Here $\mbox{{\rm dom}}(f)=\mbox{{\bf R}}$ and clearly $f(x)>0$ for all $x$. I can see by inspection that $f$ has a maximum at $0$; i.e.,

$$f(x)={1\over {1+x^2}}\leq {1\over {1+0}}=1=f(0) \mbox{ for all } x\in\mbox{{\bf R}}$$

I also see that $f(-x)=f(x)$, and that $f$ is strictly decreasing on $\mbox{${\mbox{{\bf R}}}^{+}$}$

$$0<x<t\hspace{1em}\mbox{$\Longrightarrow$}\hspace{1em} x^2<t^2... ...$\Longrightarrow$}\hspace{1em}{1\over {1+x^2}}>{1\over {1+t^2}}$$

thus $f$ has no local extreme points other than $0$. Also $f(x)$ is very small when $x$ is large. There is no point in calculating the critical points here because all the information about the extreme points is apparent without the calculation.

12.23   Exercise.

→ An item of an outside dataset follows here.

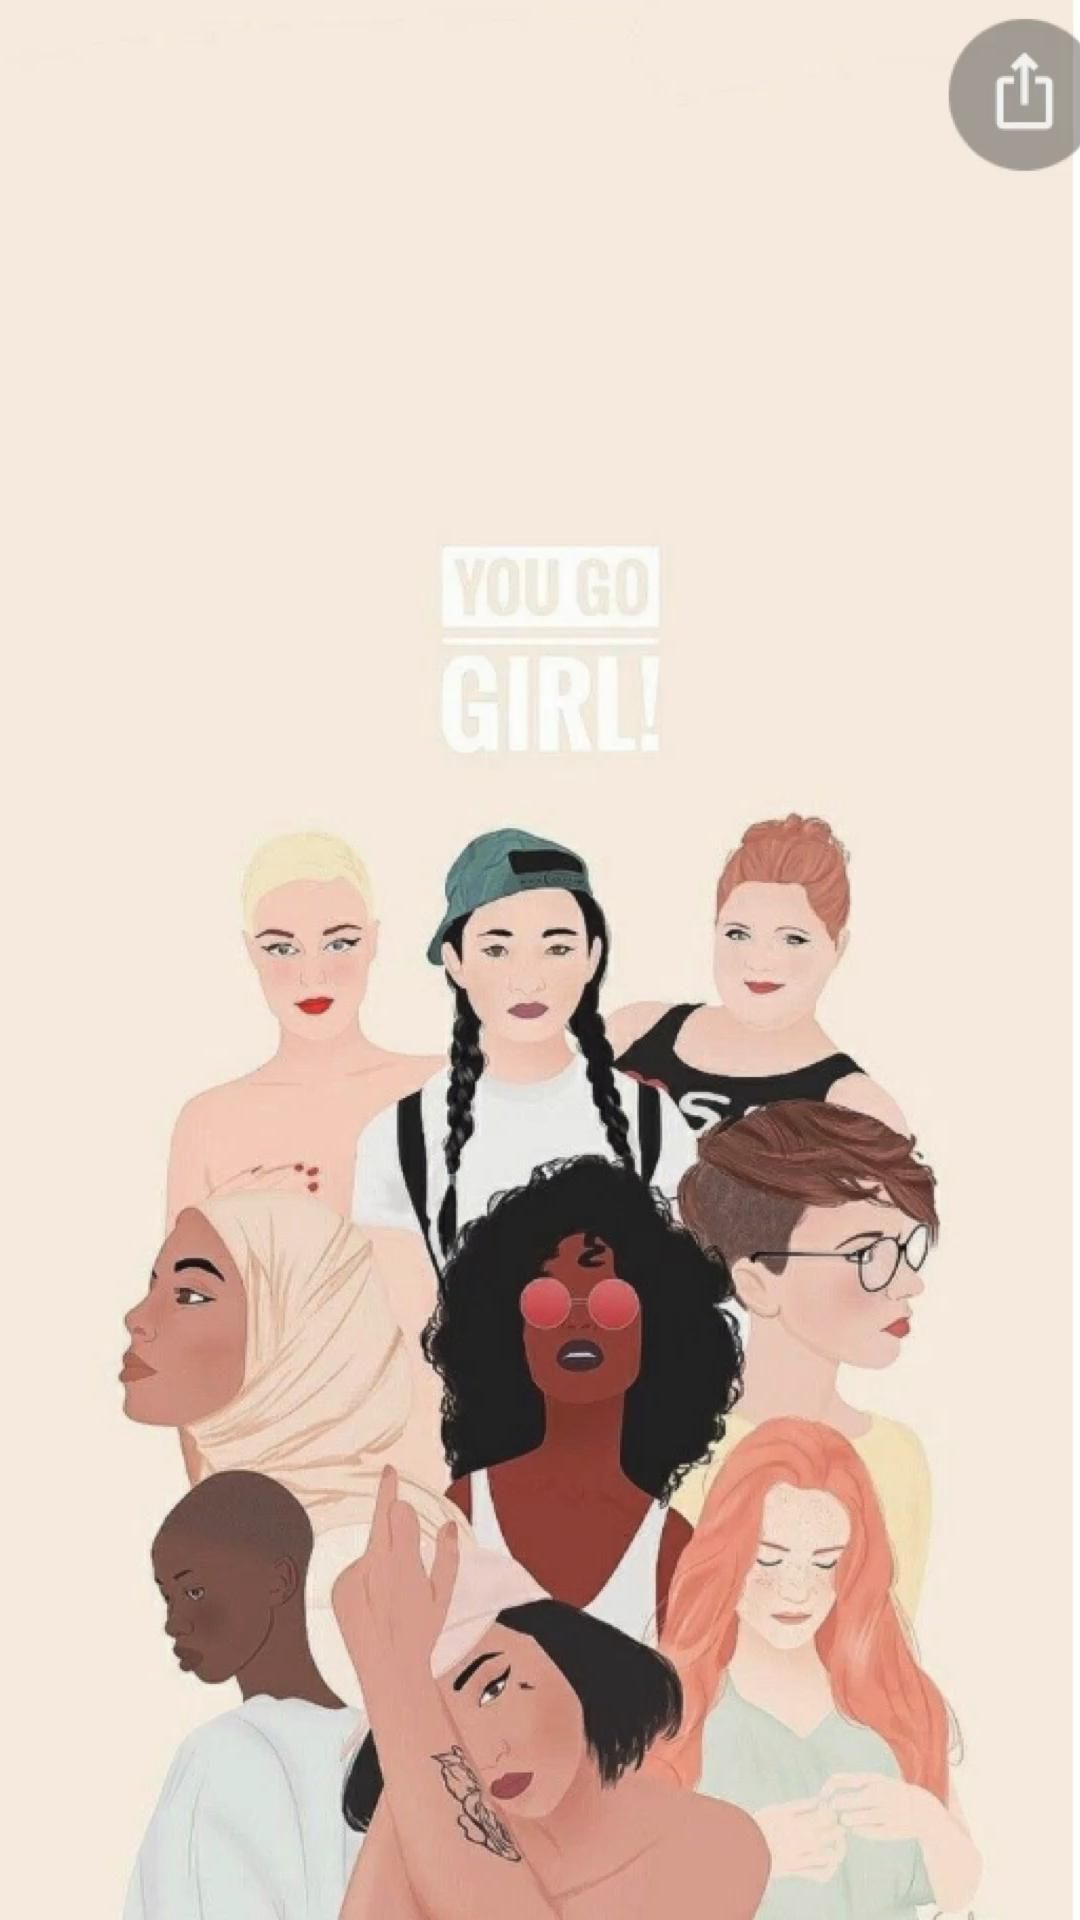 Women Empowerment Wallpapers

Find and discuss all of the global and local extreme points for the following functions. Say whether the extreme points are maxima or minima, and whether they are global or local.

a)

$f(x) = x^4 - x^2$ for $-2\leq x\leq 2$.

b)

$g(x) = 4x^3 - 3x^4$ for $-2\leq x\leq 2$.